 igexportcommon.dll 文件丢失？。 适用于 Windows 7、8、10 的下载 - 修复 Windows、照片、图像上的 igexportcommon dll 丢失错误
==
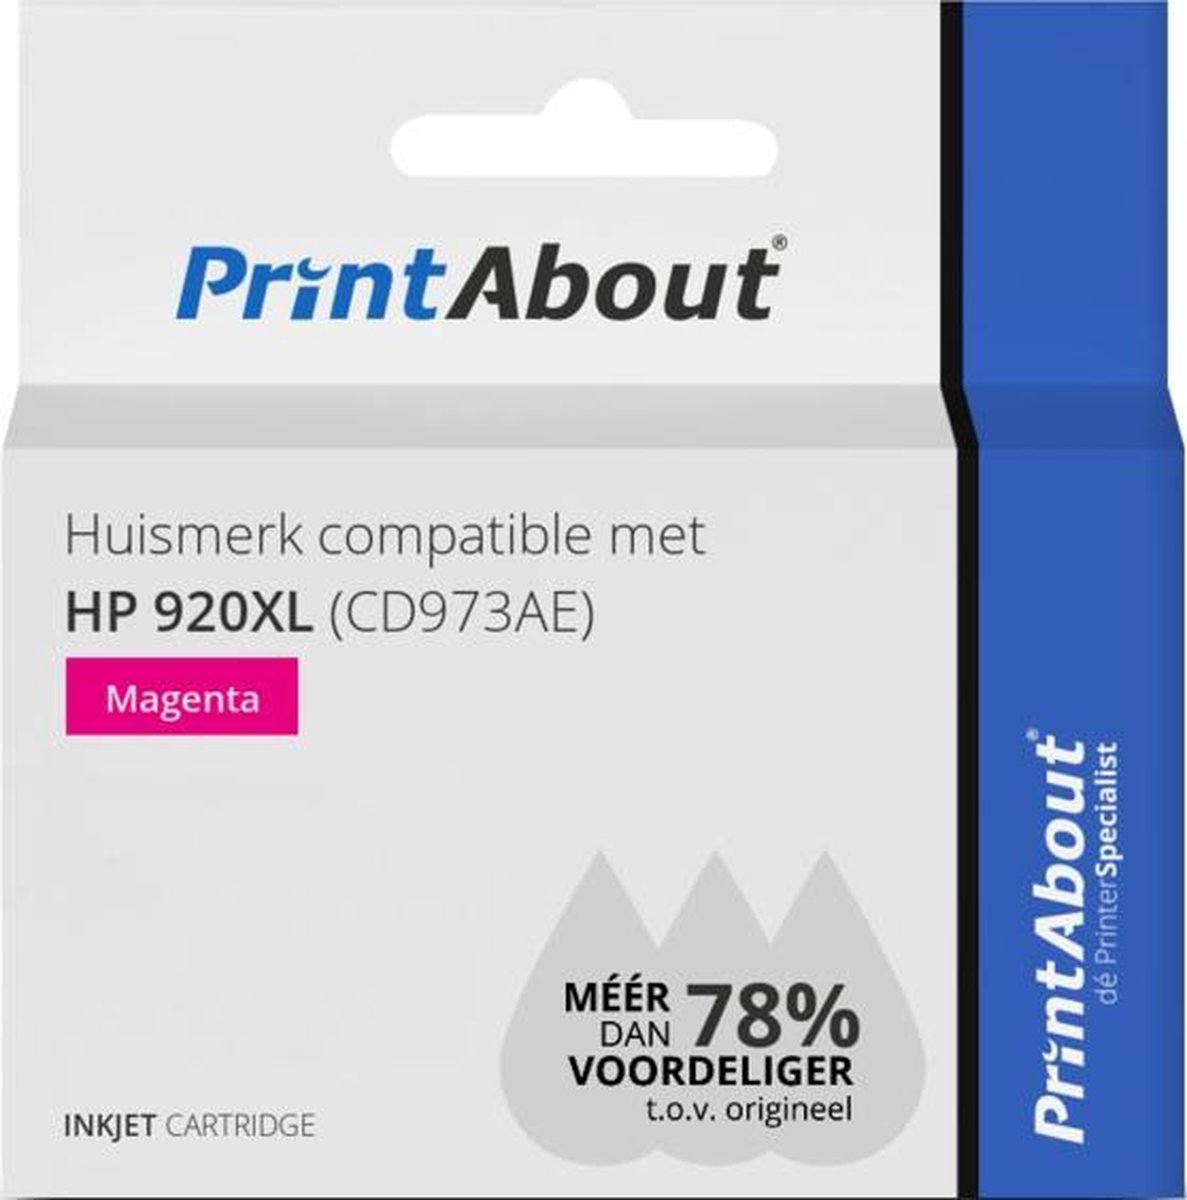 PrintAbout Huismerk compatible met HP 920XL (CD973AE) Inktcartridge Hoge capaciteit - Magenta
...
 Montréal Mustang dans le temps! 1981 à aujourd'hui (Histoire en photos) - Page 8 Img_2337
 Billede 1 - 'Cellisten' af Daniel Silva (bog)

• [What this task involves] When you reach the line with "Montréal Mustang dans" in the records above, start writing out lines exactly, and stop once the line with "Billede 1 - 'Cellisten'" has been written; include nothing else.

• [Task solution]
 Montréal Mustang dans le temps! 1981 à aujourd'hui (Histoire en photos) - Page 8 Img_2337
 Billede 1 - 'Cellisten' af Daniel Silva (bog)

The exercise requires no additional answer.